Как оказалось, наказание детей не ограничиваются стоянием на горохе или сидением на корточках за плохое поведение. За любую мелочь их оправляют в психиатрические лечебницы, заложниками которых они становятся — иногда на всю жизнь. Их справки о пребывании в этих лечебницах на них вешают неснимаемые бирки со словом «олигофрения», ставят крест на их карьере из-за навязанного им «коррекционного» образования.
— Акция с Димой в Александровском саду прошла. Какая была реакция у народа?
Реакция была абсолютно разной. Что нас больше всего удивило — это то, что люди за несколько сот метров нас обходили, отворачивались. Я говорю это со слов документаторов, потому что сама была в процессе. Как нам сказал фотограф, люди говорили: «Ой, там что-то страшное происходит, давай обойдем». Были те, кто прикрывали детям лица, закрывали им глаза. Дети всегда, на самом деле, на акции интересно реагируют, с любопытством. Их старались из рук не выпускать, чтобы они не подбежали к нам и не посмотрели, что там происходит.
Были и люди, которые на несколько секунд останавливали взгляд и шли дальше по своим делам. Для меня как для художника это тоже важная реакция: кровоточащие пролежни — это уже из сферы повседневности у нас в стране и даже в центре Москвы. Было и несколько зрителей, которые наблюдали за всем процессом. Некоторые восприняли это как акцию протеста. Женщина спросила: «Что это такое?», другая женщина предложила помощь. Это была женщина не из сброда гуляющих, а скорее всего бездомная. Не очень свежо выглядела, скажем так. Но она была единственной, кто предложил помощь.
— Люди понимали, что происходит?
Я даже не знаю, кто как — из тех, кто видел — это воспринял, но в любом случае было состояние некоторого шока. Но оно, естественно, было и у меня. Потому что я не каждый день делаю такие перевязки, тем более публично. Был вопрос про акцию протеста. Какая-то женщина спросила: «Вы так протестуете?». Но больше вопросов, в общем-то, не было. Я думаю, у людей не было возможности всё осмыслить, потому что их как минимум удивило то, что они видят.
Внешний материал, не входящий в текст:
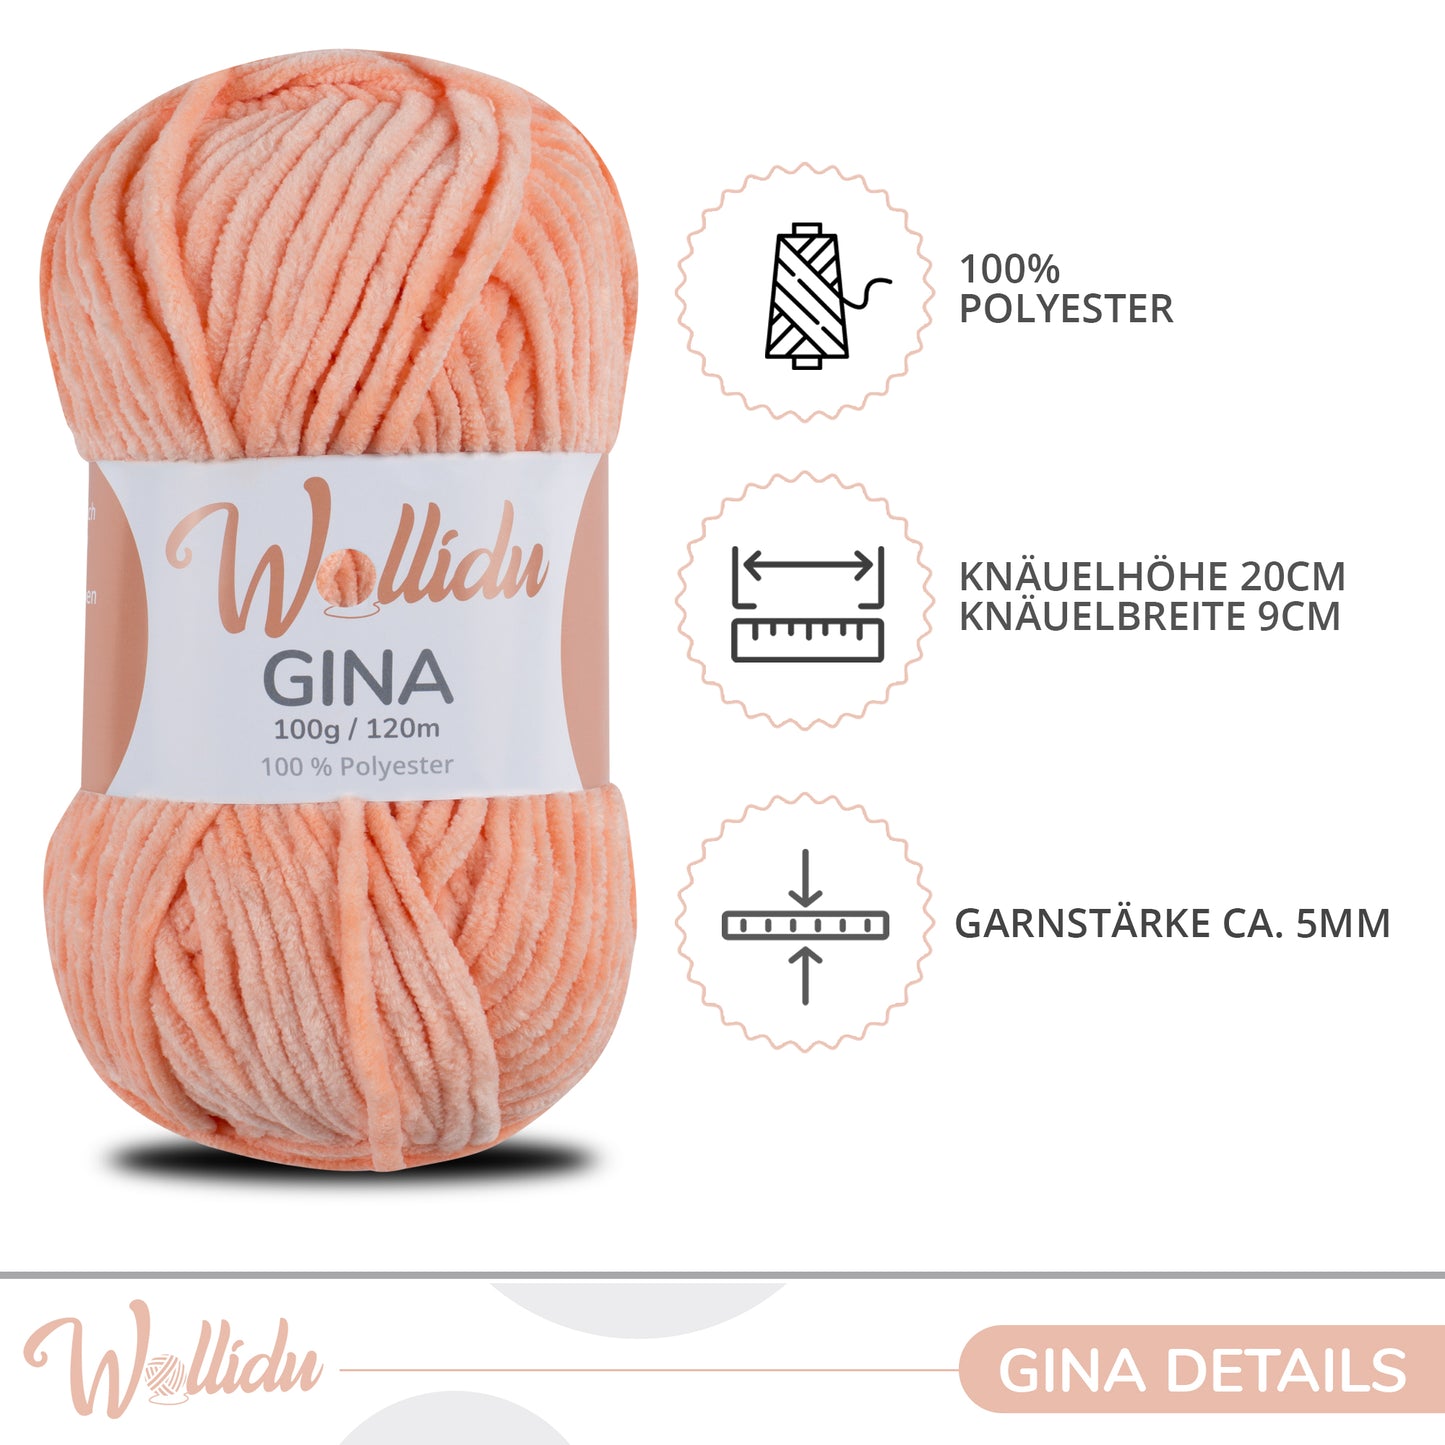 Wollidu Gina 100% Polyester 5 x 100g/120m - Lachs

— А во время следующих акций — с кроватью, например, — люди спрашивают, зачем вы это делаете?
Да, люди реагируют. Бывают моменты, когда я снимаю с себя кровать, потому что сегодня, на 12-й день, болит спина… Я еще после стояния на горохе и на гречке поняла, что я что-то совсем плоха, но кровать живет как отдельная инсталляция в любом случае. И реакции бывают разные. Но одна из тех, которая меня удивила: люди подходят и спрашивают, что это такое и какую проблему я пытаюсь донести, а после моего объяснения часто пытаются винить детей в том, что происходит. Не система воспитательная, соцзащиты и т. д. виновата, а именно что-то не так с детьми.
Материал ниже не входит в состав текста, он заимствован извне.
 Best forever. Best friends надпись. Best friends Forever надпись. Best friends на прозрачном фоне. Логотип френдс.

Вчера ко мне подошел молодой человек и говорит: «Да, это же дети-сироты. Да, некоторые из них должны лежать в психбольницах, нужно их как-то ограждать. А то вот у нас есть чурки (почему-то он сказал именно это слово), которые становятся наркоманами, алкоголиками». В общем, у него был такой посыл, что это нормально — ограждать таких людей. Почему он детей из сиротских учреждений так воспринял, мне на самом деле не очень понятно. Но да, это одна из типических коммуникаций, когда люди считают, что это нормально. Правда у меня сразу возникает вопрос: отправляют ли они своих детей в психбольницы, или находились ли они там сами? Чаще всего люди говорят, что нет. Идет некоторое суждение без личного опыта. Я думаю, это одна из главных проблем России. Суждение — без личного опыта. Даже Осуждение без личного опыта — когда люди просто не понимают, о чем говорят.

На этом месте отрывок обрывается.